3.1.    De rechtbank heeft terecht overwogen dat de Dienst het kindgebonden budget over het jaar 2021 terecht heeft herzien en vastgesteld op nihil, omdat het vermogen van [appellante] te hoog is om in aanmerking te komen voor het kindgebonden budget. Dat de hoogte van het kindgebonden budget afhankelijk is van de draagkracht op basis van het inkomen en het vermogen staat namelijk in artikel 1, tweede lid, van de Wet op het kindgebonden budget. De wet biedt geen ruimte om hiervan af te wijken. Zoals de rechtbank terecht heeft overwogen, lag het op de weg van [appellante] om zich op de hoogte te stellen van de geldende voorwaarden om aanspraak te maken op het kindgebonden budget. De rechtbank heeft verder, onder verwijzing naar de uitspraak van de Afdeling van 15 februari 2017, ECLI:NL:RVS:2017:410, terecht overwogen dat aan de verlening van een voorschot geen gerechtvaardigd vertrouwen kan worden ontleend. Dat de hoogte van de aan [appellante] toegekende voorschotten jarenlang is bevestigd in definitieve besluiten maakt dit niet anders. Dit betekent namelijk niets anders dan dat zij in die jaren, volgens de bij de Dienst bekende gegevens, op grond van haar draagkracht wel in aanmerking kwam voor het kindgebonden budget.
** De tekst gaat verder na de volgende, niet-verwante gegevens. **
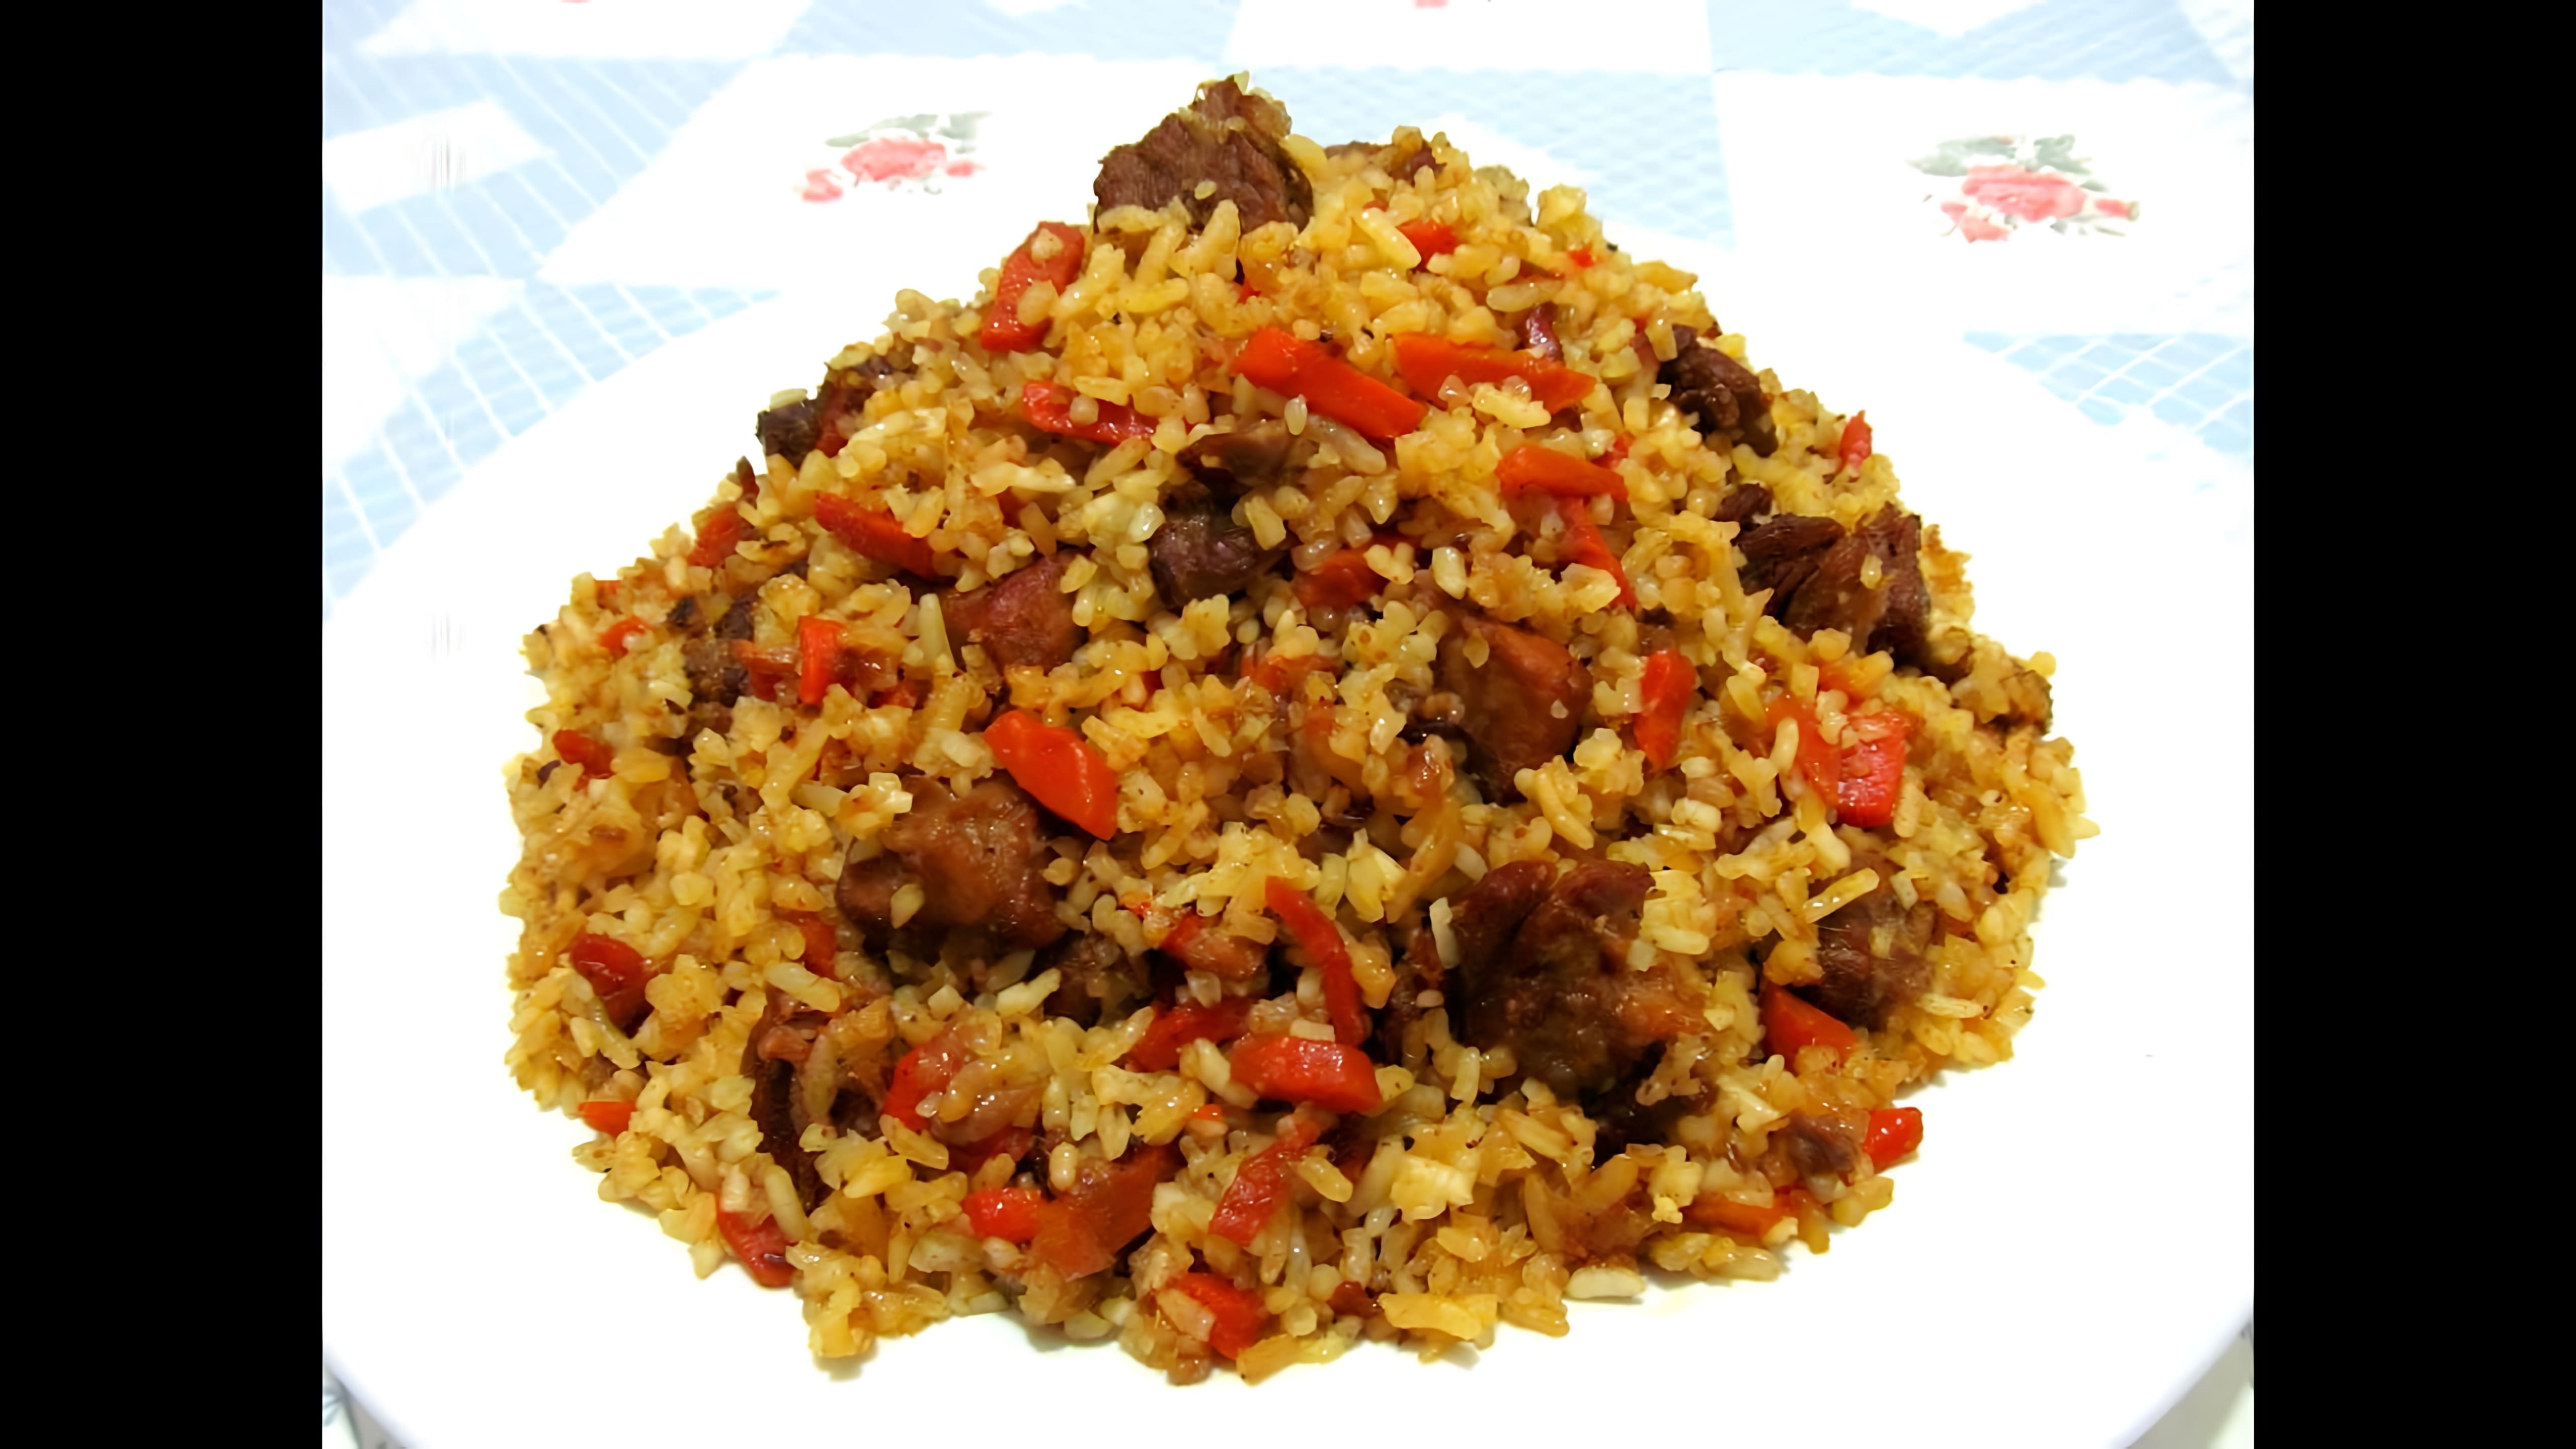 Видео рецепт домашнего плова, популярного рисового блюда из Центральной Азии

4.       [appellante] betoogt dat het tegenstrijdig is dat zij op grond van haar jaarinkomen recht heeft op het kindgebonden budget, maar dat zij dat recht verliest omdat zij een (te groot) deel van dit jaarinkomen heeft gespaard. Het is bovendien onredelijk dat voor haar, als alleenstaande ouder, een lagere maximale vermogensgrens geldt dan voor een ouder met een partner. Zij stelt verder dat zij met de kennis van nu andere keuzes had gemaakt wat betreft haar vermogensopbouw. Nu het definitieve besluit over haar kindgebonden budget pas op 11 januari 2023 is genomen, is zij bovendien ook te laat om andere keuzes te maken wat betreft de toeslagjaren 2022 en 2023.
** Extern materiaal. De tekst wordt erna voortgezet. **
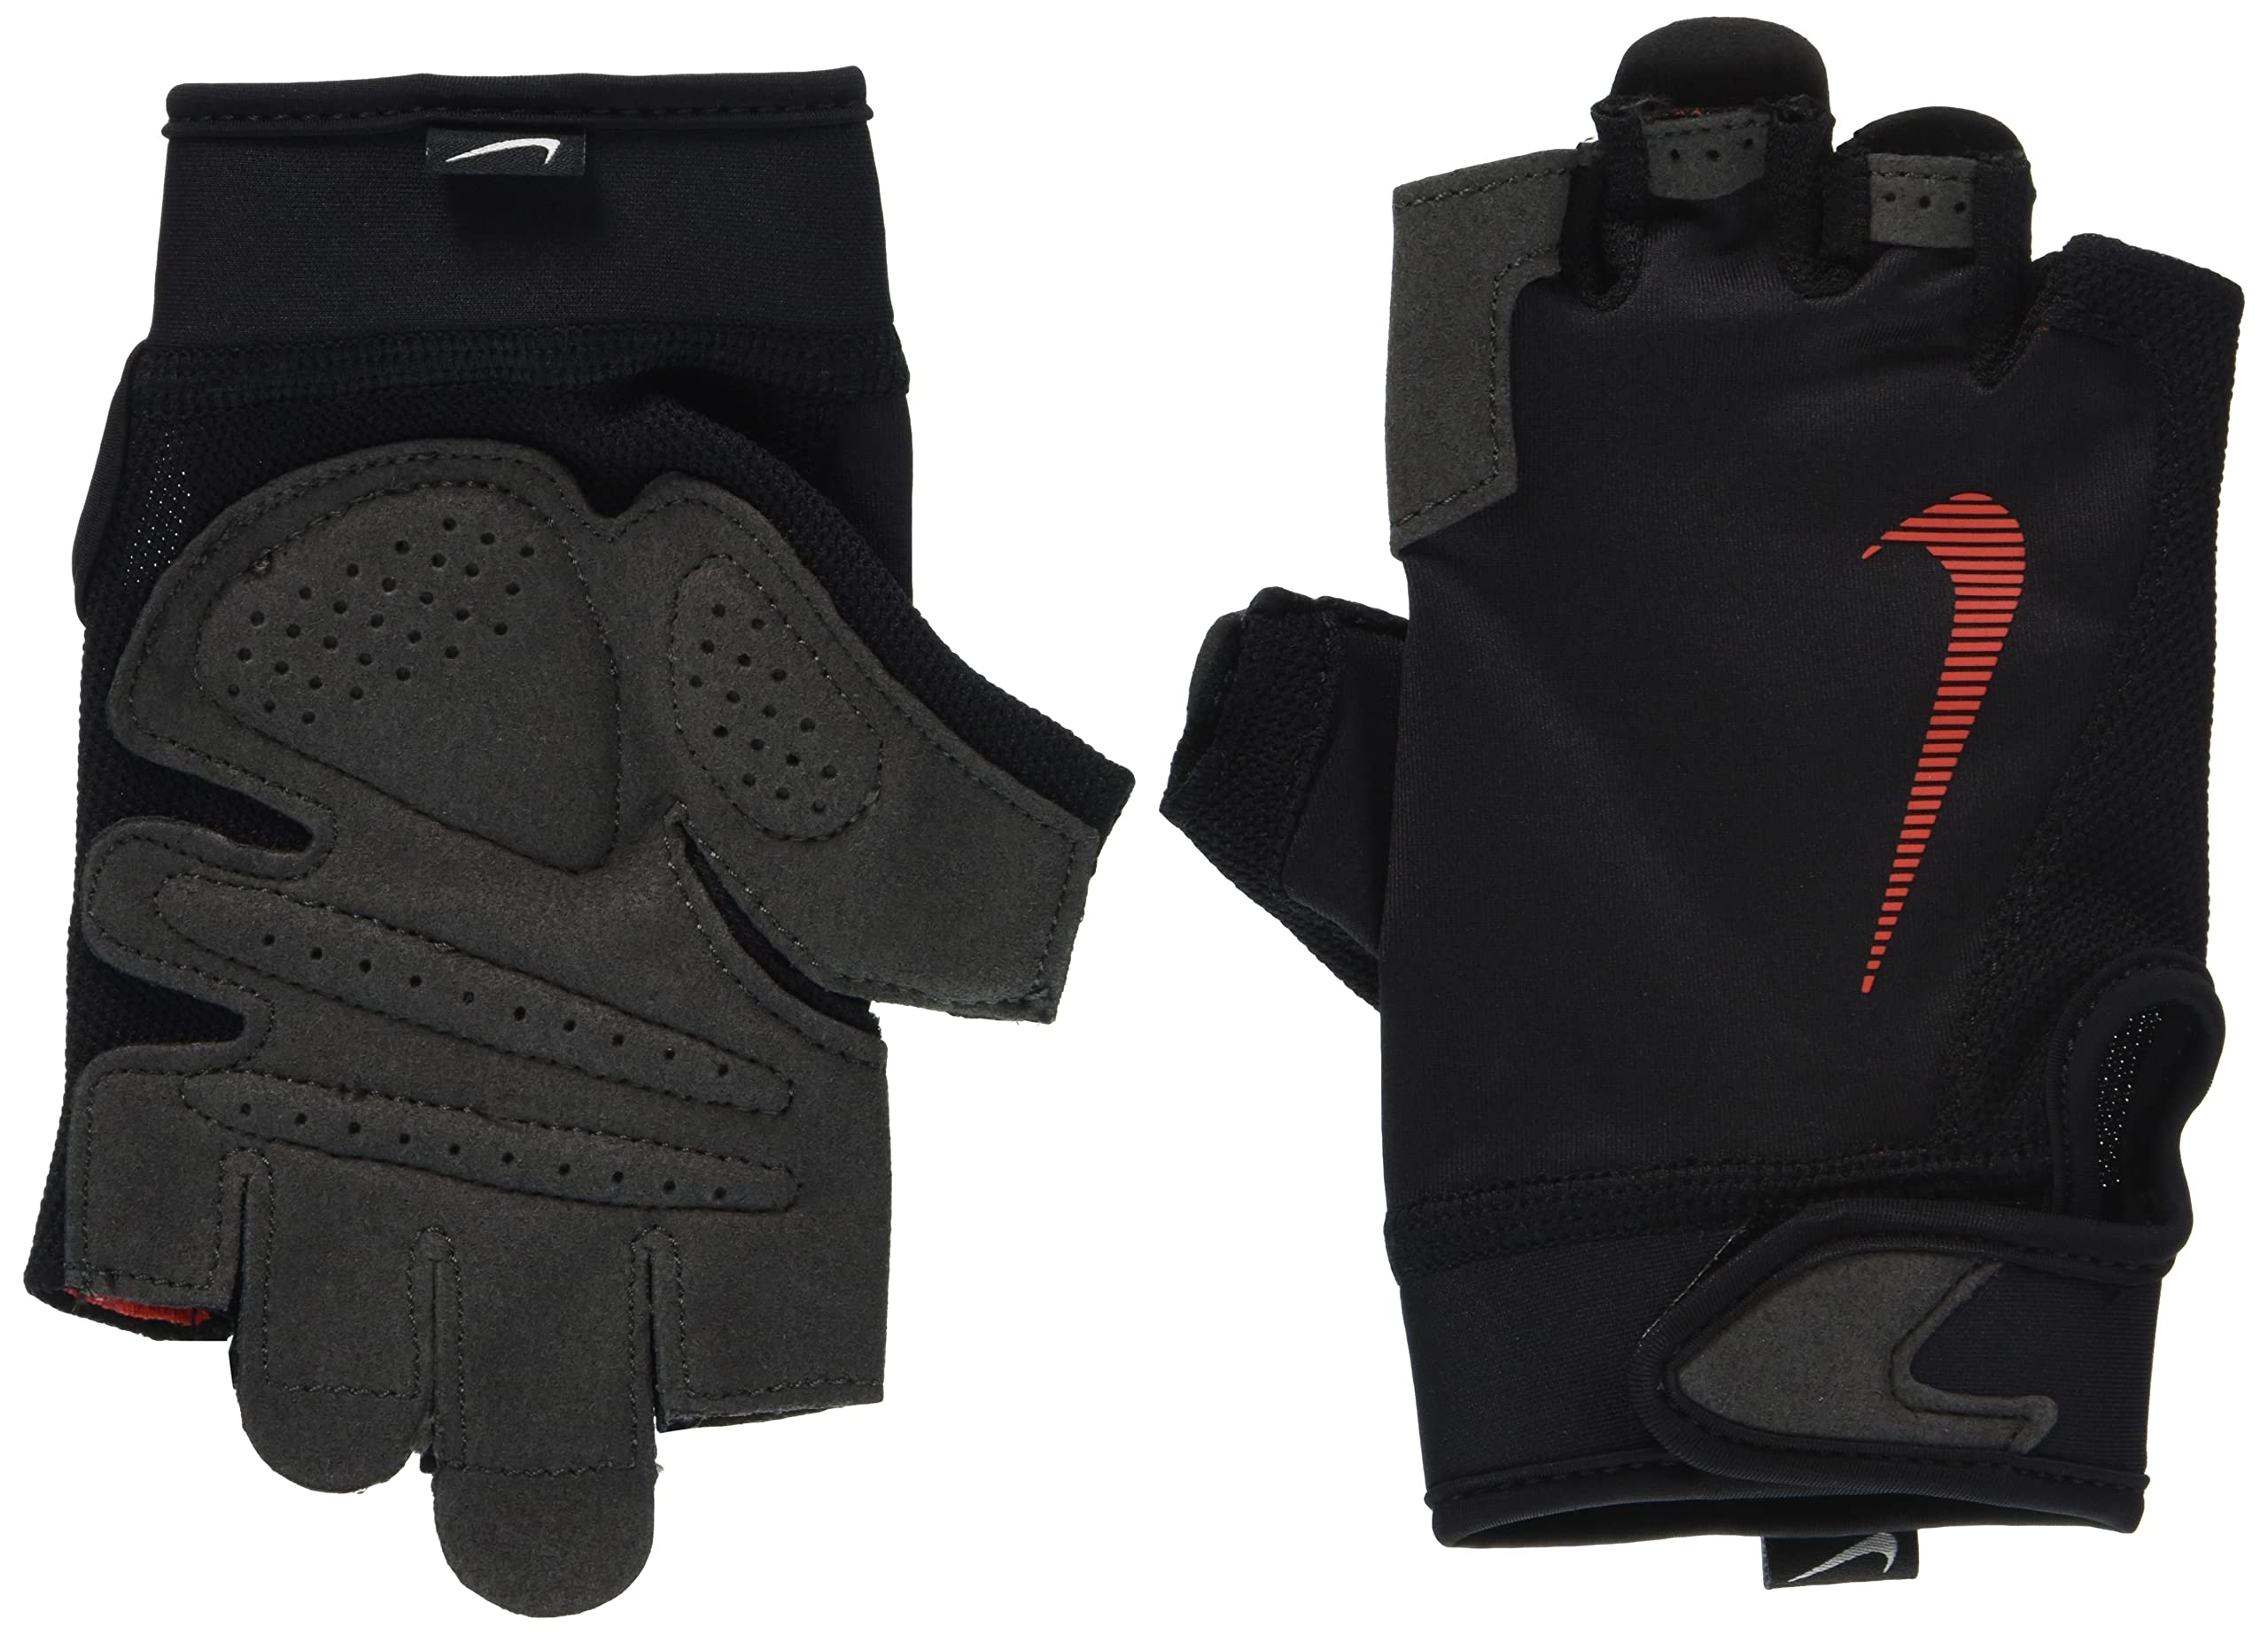 Nike Herren Men' s Ultimate Fitness Gloves Handschuhe, Black/lt Crimson/lt c, L

4.1.    Deze gronden zijn zo goed als een herhaling van wat [appellante] in beroep heeft aangevoerd. De rechtbank is gemotiveerd op die gronden ingegaan. De Afdeling kan zich vinden in het oordeel van de rechtbank hierover en in de onder 10 opgenomen overweging. De Afdeling voegt daaraan nog toe dat zij begrijpt dat het voor [appellante] vervelend is dat zij pas in januari 2023 op de hoogte raakte van de omstandigheid dat zij, vanwege haar vermogen, geen aanspraak meer maakte op het kindgebonden budget. Dat de Dienst haar daar niet van tevoren voor heeft gewaarschuwd, kan echter niet leiden tot de conclusie dat de Dienst het kindgebonden budget ten onrechte op nihil heeft gesteld.
5.       [appellante] betoogt verder dat het onredelijk is dat zij rente moet betalen over het terug te vorderen bedrag. Het bedrag aan rente loopt namelijk steeds verder op, terwijl zij over haar spaargeld nauwelijks rente heeft ontvangen.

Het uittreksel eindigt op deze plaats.